# Soziales vs Corona



## Bauschaum7 (27. Juni 2020)

Heute war ich im Supermarkt  ^^ ... bisschen breit...... bin ja auch kein Getroffener.
Ich stand wartent so an der Kasse  , breit ...  schau so rum ..und hab echt schlechte Laune bekommen. 
wenn das Standard wird mit den Masken  + Corona app omg .

Alles schön und gut  ,  aber kam mir echt vor wie ein Taliban  oder Muslime  als Frau  
Oder BankRäuber .....

Bin eh Raucher ,  und corona kann mich mal  ..

Oder laßt Ihr Euch von corona das Leben versauen bzw in naher Zukunft beschneidenden lassen durch neue Gesetze ?


----------



## Mr_T0astbr0t (27. Juni 2020)

Ich fühle mich momentan irgendwie ja nicht so beschnitten.

Den Großteil der Stätten, die geschlossen sind/waren besuche ich eh nicht. Rausgehen und mit meinem Freunden treffen kann ich mich auch weiterhin.

Einen Mundschutz die paar Minuten beim einkaufen sind nun auch keine Tragödie. 

Was ich nicht mehr mache ist mich in geschlossenen Räumen mit vielen Menschen aufhalten. In Restaurants bspw. gehe ich momentan sehr selten.


----------



## wuselsurfer (27. Juni 2020)

Bauschaum7 schrieb:


> Bin eh Raucher ,  und corona kann mich mal  ..


Wart's ab, bis es Dich hat.
Dann ist die Lunge nur noch Matsch und Rauchen kein Thema mehr.




Bauschaum7 schrieb:


> Oder laßt Ihr Euch von corona das Leben versauen bzw in naher Zukunft beschneidenden lassen durch neue Gesetze ?


Ich halte die Gesetze immer ein.
Komischerweise läuft das gut.

Und die Gasmaske hatte ich bei der Armee schon öfter mal auf.
Im Extremfall auch mal 6 Stunden.

Dagegen ist der Coronaschutz ein leichtes Tüchlein.

Oh je, Trollfutter ... .


----------



## TomatenKenny (27. Juni 2020)

ach das wird noch lustig bei über 30 oder 40 grad mit Maske 

aber ich finds toll so mit halb leere Straßen. Menschenmengen brauch eh kein Mensch


----------



## Tengri86 (27. Juni 2020)

ExtremTerror schrieb:


> ach das wird noch lustig bei über 30 oder 40 grad mit Maske
> 
> aber ich finds toll so mit halb leere Straßen. Menschenmengen brauch eh kein Mensch



Mein Vater arbeitet am Hochofen mit Maske und Schutzmontur und ist im  Dreckigste bereich vom Stahlwerk und das seit 39 Jahren, 
also da ist draußen unterwegs und gammeln net so schlimm. 
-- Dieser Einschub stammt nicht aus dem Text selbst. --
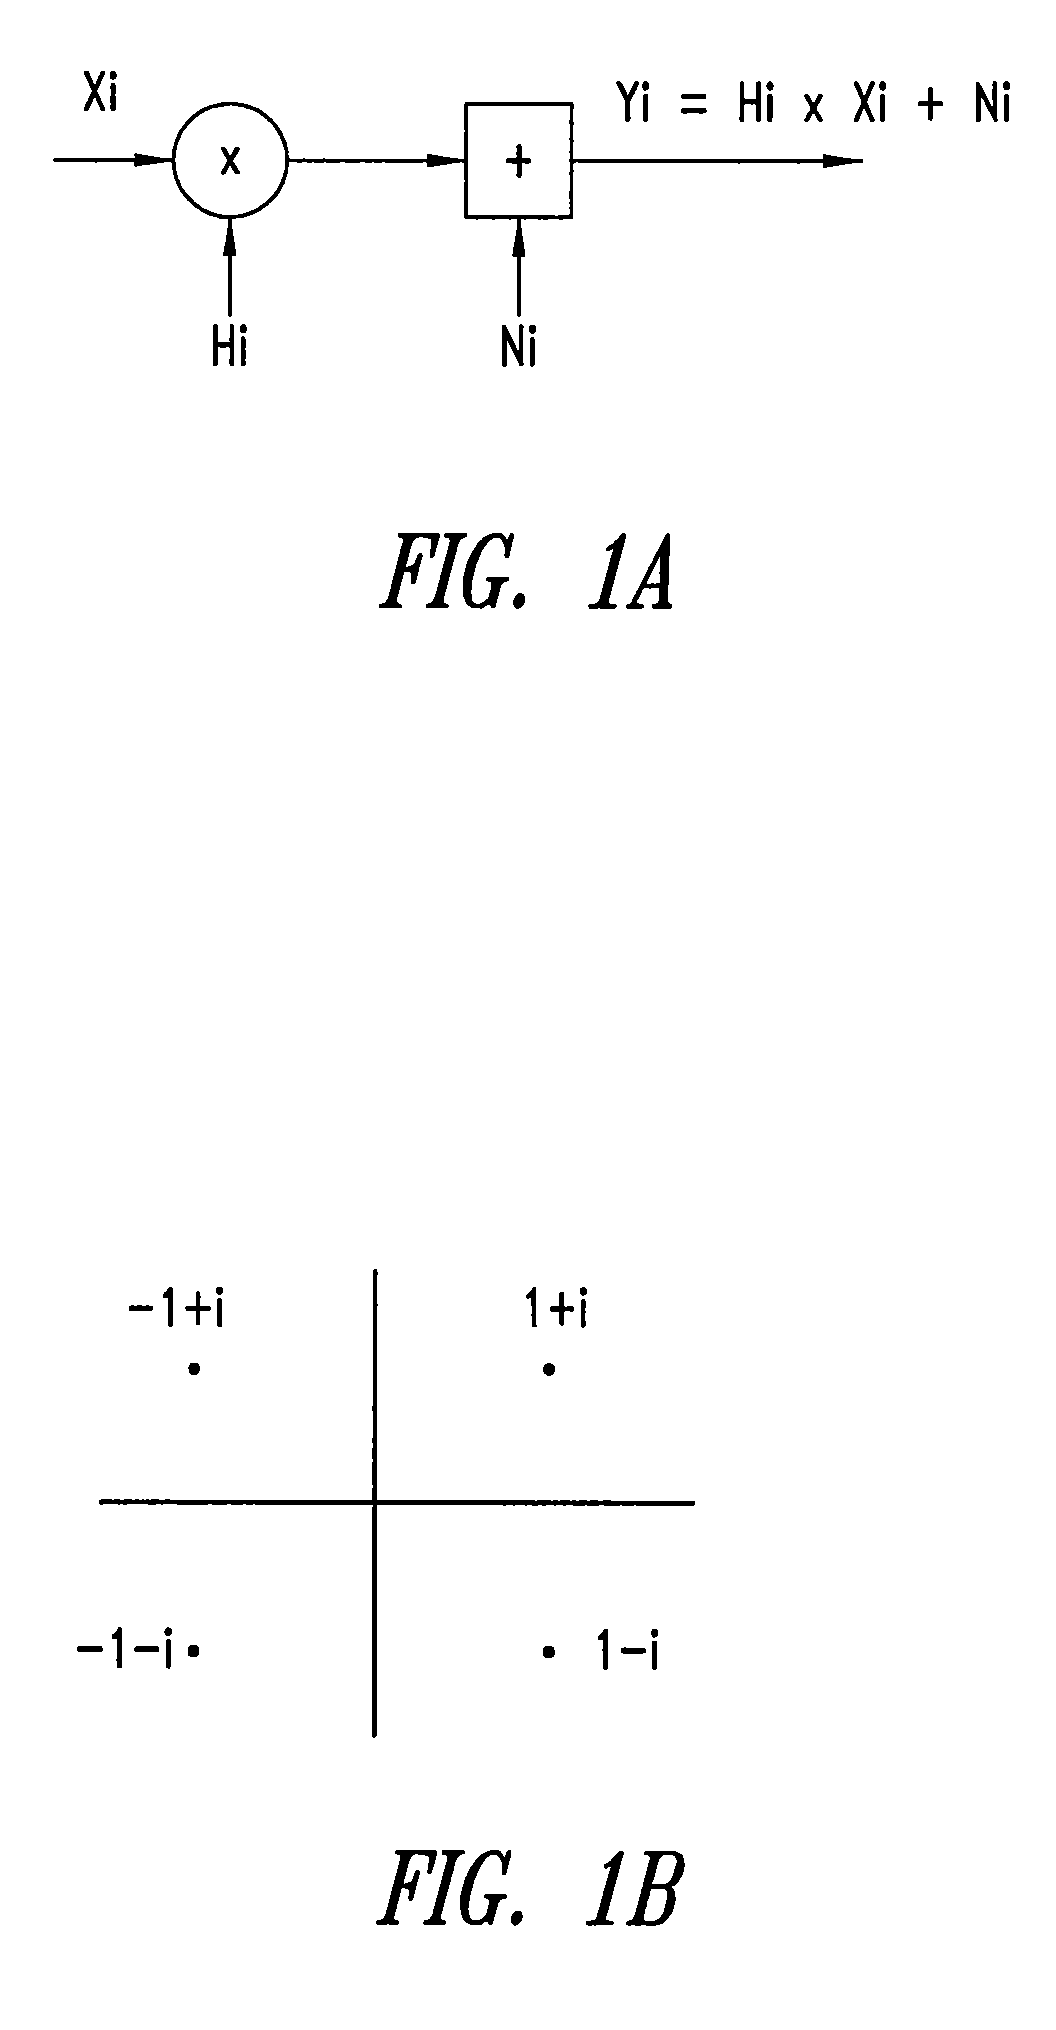 Process for modulation and determination of the bit loading on a transmission channel

Aber bei Halbleeren Straßen zieh ich auch net an, klappt auch am Stadtrand sehr gut, ab Zentrum dann nicht so. ^^


----------



## Gelöschtes Mitglied 164118 (27. Juni 2020)

Bauschaum7 schrieb:


> Heute war ich im Supermarkt  ^^ ... bisschen breit...... bin ja auch kein Getroffener.
> Ich stand wartent so an der Kasse  , breit ...  schau so rum ..und hab echt schlechte Laune bekommen.
> wenn das Standard wird mit den Masken  + Corona app omg .
> 
> ...



Und nun? 
Corona arbeitet ja auch nur von Montag bis Freitag und hat schon um 15 Uhr Feierabend. 
Ob es dir egal ist ist mir egal. 
Kommt wer in meinen Laden ohne Mundschutz wird auf die Regeln hingewiesen und fertig. Will er sich nicht dran halten kann er gerne andere Läden besuchen. 
Wer sich nicht dran halten will oder sich für Imun hält hat was grundlegendes nicht verstanden und hält sich für wichtiger als die Gemeinschaft. Das ist ein asoziales Denken. 
Wir sitzen alle in einem Boot und sollten uns als so sozial erweisen dass man in diesem Fall nicht gegen die Fahrtrichtung rudert.
Ich lasse mir das Leben nicht versauen und auch die jetzigen Maßnahmen versauen einen nicht das Leben. 
Selbst wenn neue Gesetze kommen, was beschneidet deine Zukunft? Nichts, da diese Gesetze nicht von Dauer sind.


----------



## Leonidas_I (27. Juni 2020)

SativaBongharzia schrieb:


> Selbst wenn neue Gesetze kommen, was beschneidet deine Zukunft? Nichts, da diese Gesetze nicht von Dauer sind.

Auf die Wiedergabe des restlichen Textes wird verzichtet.